UNITED STATES, AND USD
Robust Labour and Hawkish Hold Anchor the Greenback Amid Volatility
USD has a fundamental strength score of +2 on a scale of -10 to +10 over the coming 7 weeks, with a conviction rating of 3 on a scale of 0 to 10.
Watch the Non-Farm Payrolls on July 2, 2026 where expectations of a resilient labor market will be tested, and subsequently have an influence on the Fed’s policy trajectory.
Robust Labour and Hawkish Hold Anchor the Greenback Amid Volatility.
Moderately Bullish but Not Without Risks
The fundamentals draw its main support from the steady run of solid US data and the Federal Reserve’s hawkish lean.
The past weeks have produced some robust numbers. Headline inflation climbed to a three-year high of 4.2 percent, and payrolls jumped 172,000. That combination led the Fed, now led by Chairman Kevin Warsh, to flag upcoming rate hikes. It’s puts real wind behind the dollar’s sails.
What keeps the score from climbing higher is the intermarkets. Safe-haven flows have been fading. The VIX has dropped more than 9 percent and gold has fallen over 8 percent in the last month. Those moves point to a cooling geopolitical risk premium after the temporary US-Iran agreement.
Q1 GDP also printed softer at 1.6 percent, underlining some mild domestic weakness.
Conviction stays capped at 3 because the next seven weeks are packed with major data drops. July’s Non-Farm Payrolls, the CPI report, and the July FOMC decision sit right ahead. One or two surprises could easily move the needle.
What We’ve Seen Lately
On June 5, 2026, the Bureau of Labor Statistics dropped the May jobs report, and it was a strong one. Non-Farm Payrolls surged 172,000 against a forecast of 85,000. Together with the 4.2 percent inflation print earlier that week, it killed off near-term rate-cut hopes and underscored the dollar’s structural resilience.
Then on June 17, 2026, the FOMC left the federal funds rate unchanged at 3.50 to 3.75 percent. The decision carried a clear hawkish tone: nine of the nineteen officials now expect a hike by year-end. With Kevin Warsh at the helm, the committee also stripped out forward guidance.
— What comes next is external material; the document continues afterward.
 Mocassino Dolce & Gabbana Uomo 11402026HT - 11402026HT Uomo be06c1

The dollar index hit a new 2026 high and short-term Treasury yields rose sharply.
What’s Next on the Calendar
Near term, eyes are on the May PCE and Core PCE releases due June 25, 2026. These are the Fed’s favored inflation gauges, so they’ll give a fresh read on whether price pressures are staying sticky. That will feed directly into rate bets and short-term dollar swings.
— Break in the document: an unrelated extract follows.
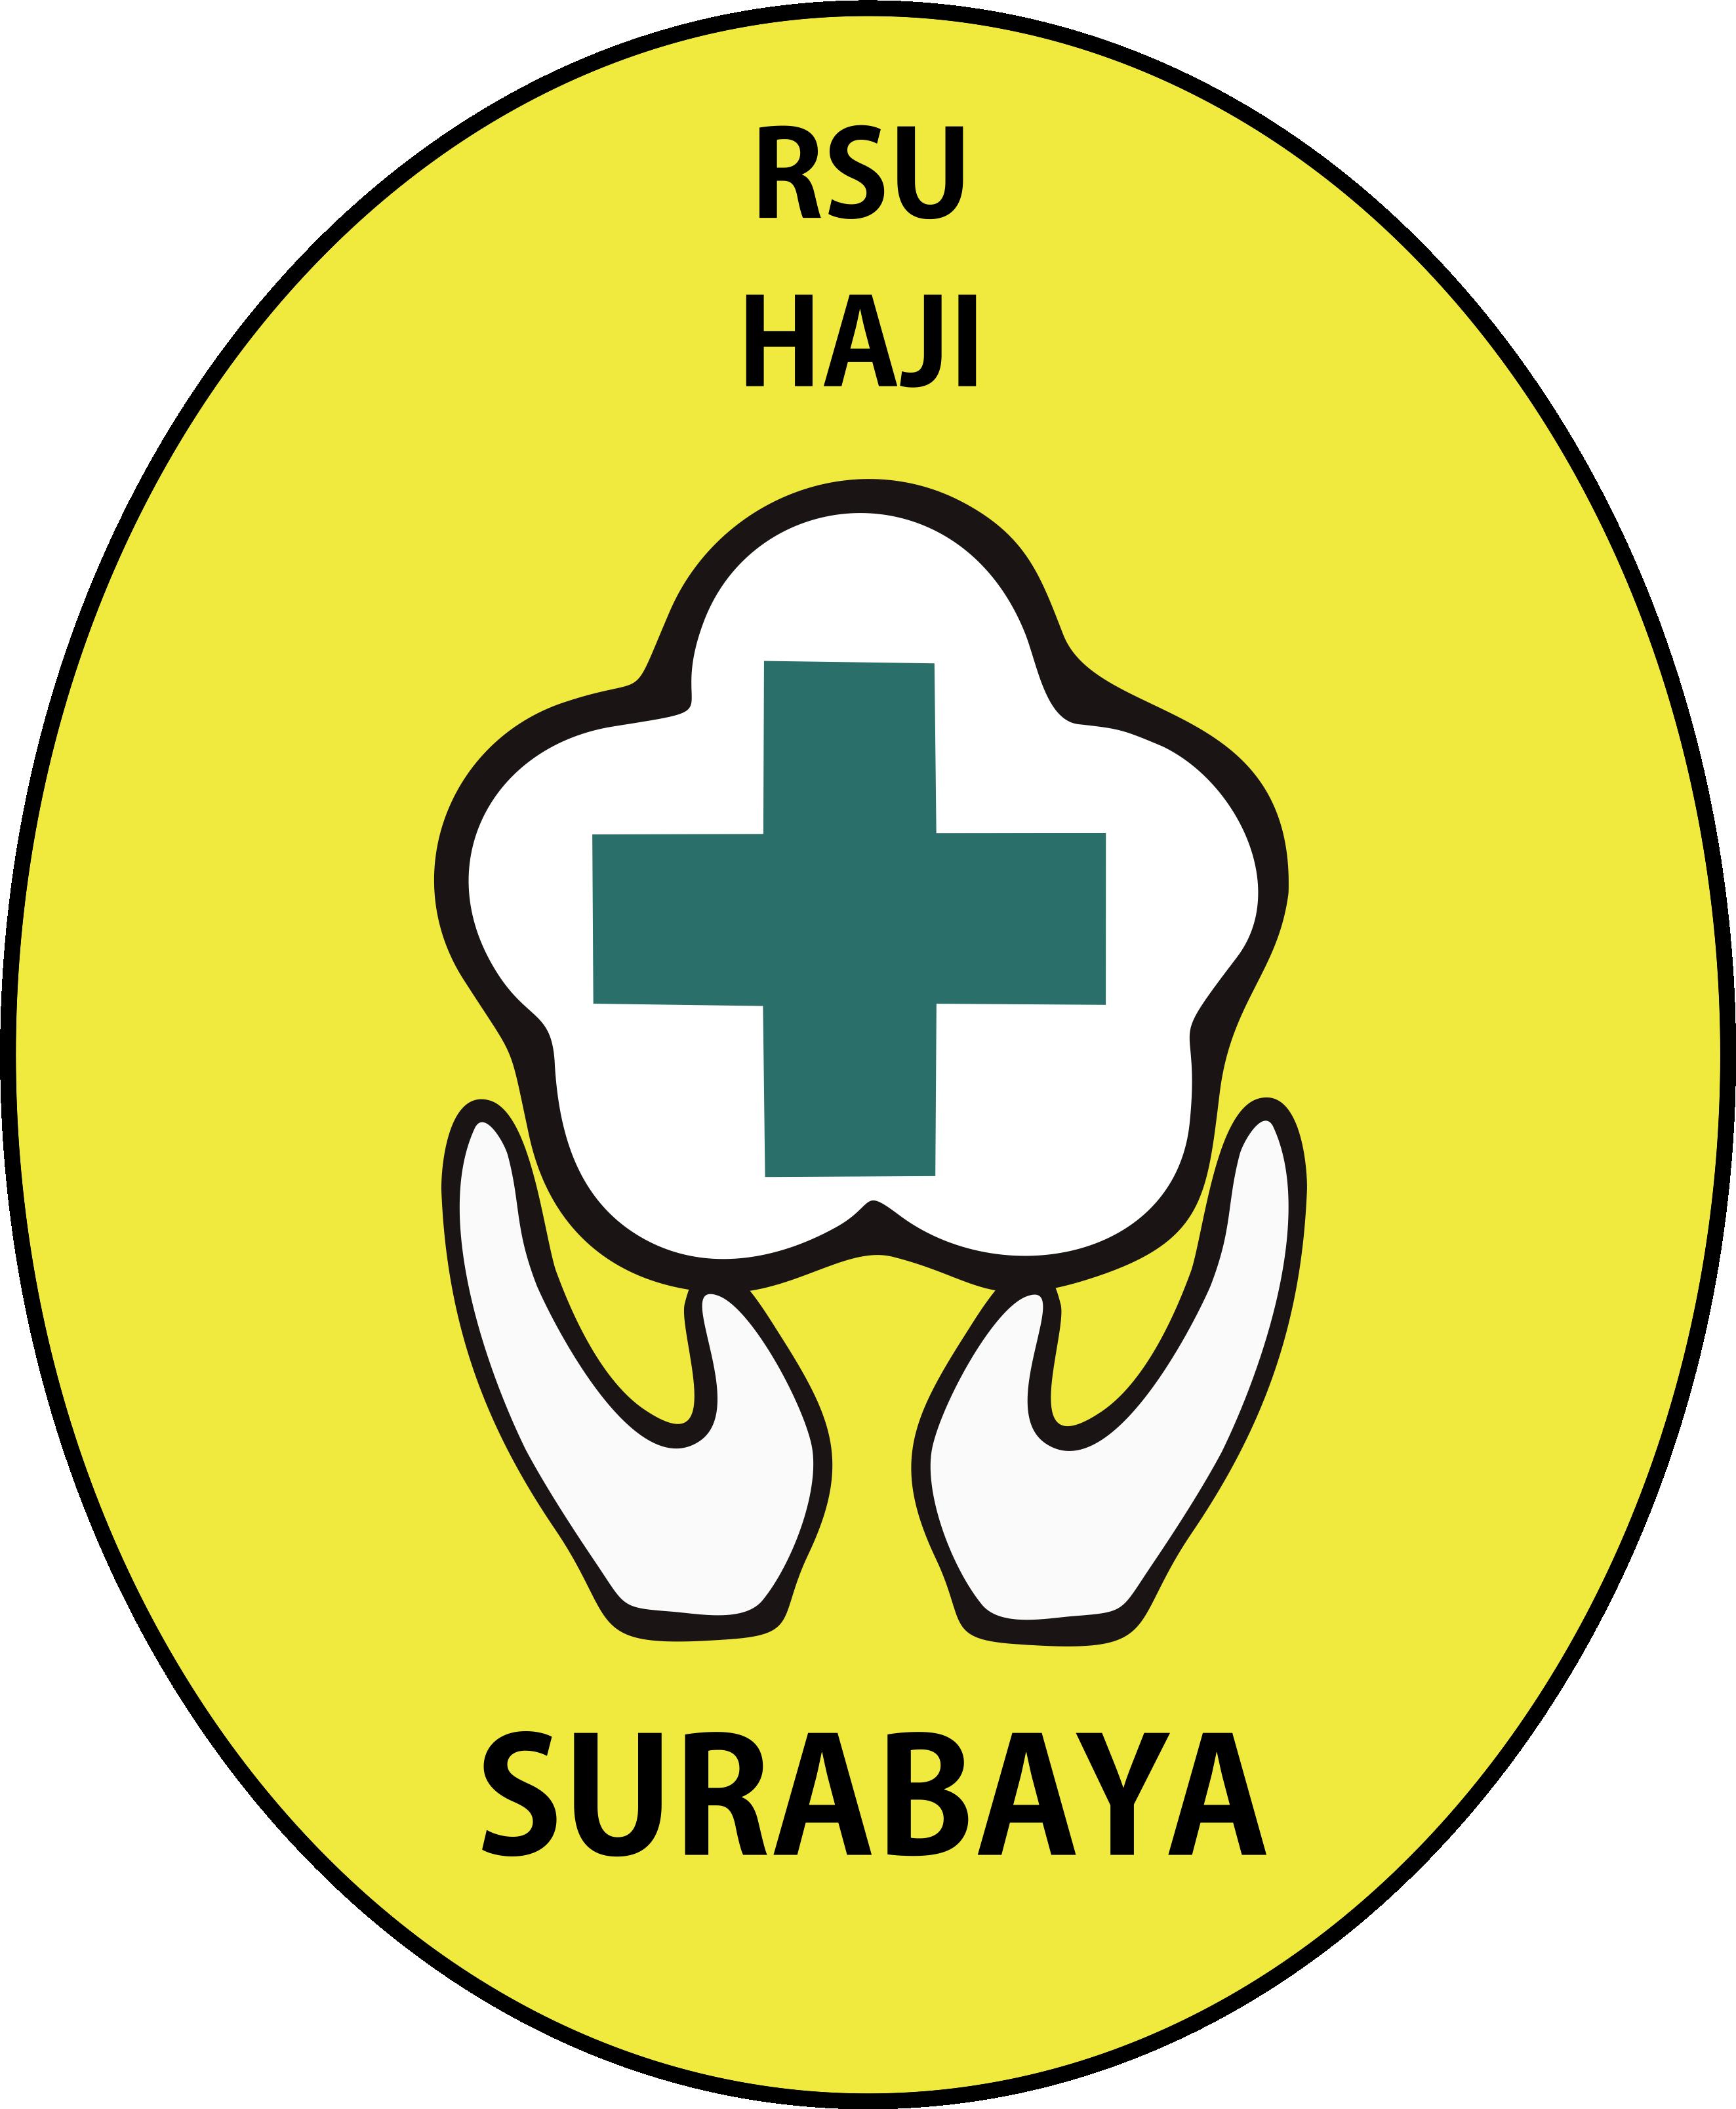 RS Haji Surabaya

The bigger event in the next seven weeks is the FOMC meeting on July 29, 2026 — only Warsh’s second in charge. It will show whether the hawkish line holds and if officials start setting up for a possible September rate increase. The outcome could shape capital flows and dollar direction for the rest of the year.
Gavin Pearson has been studying the currency markets as a retail trader for twenty years.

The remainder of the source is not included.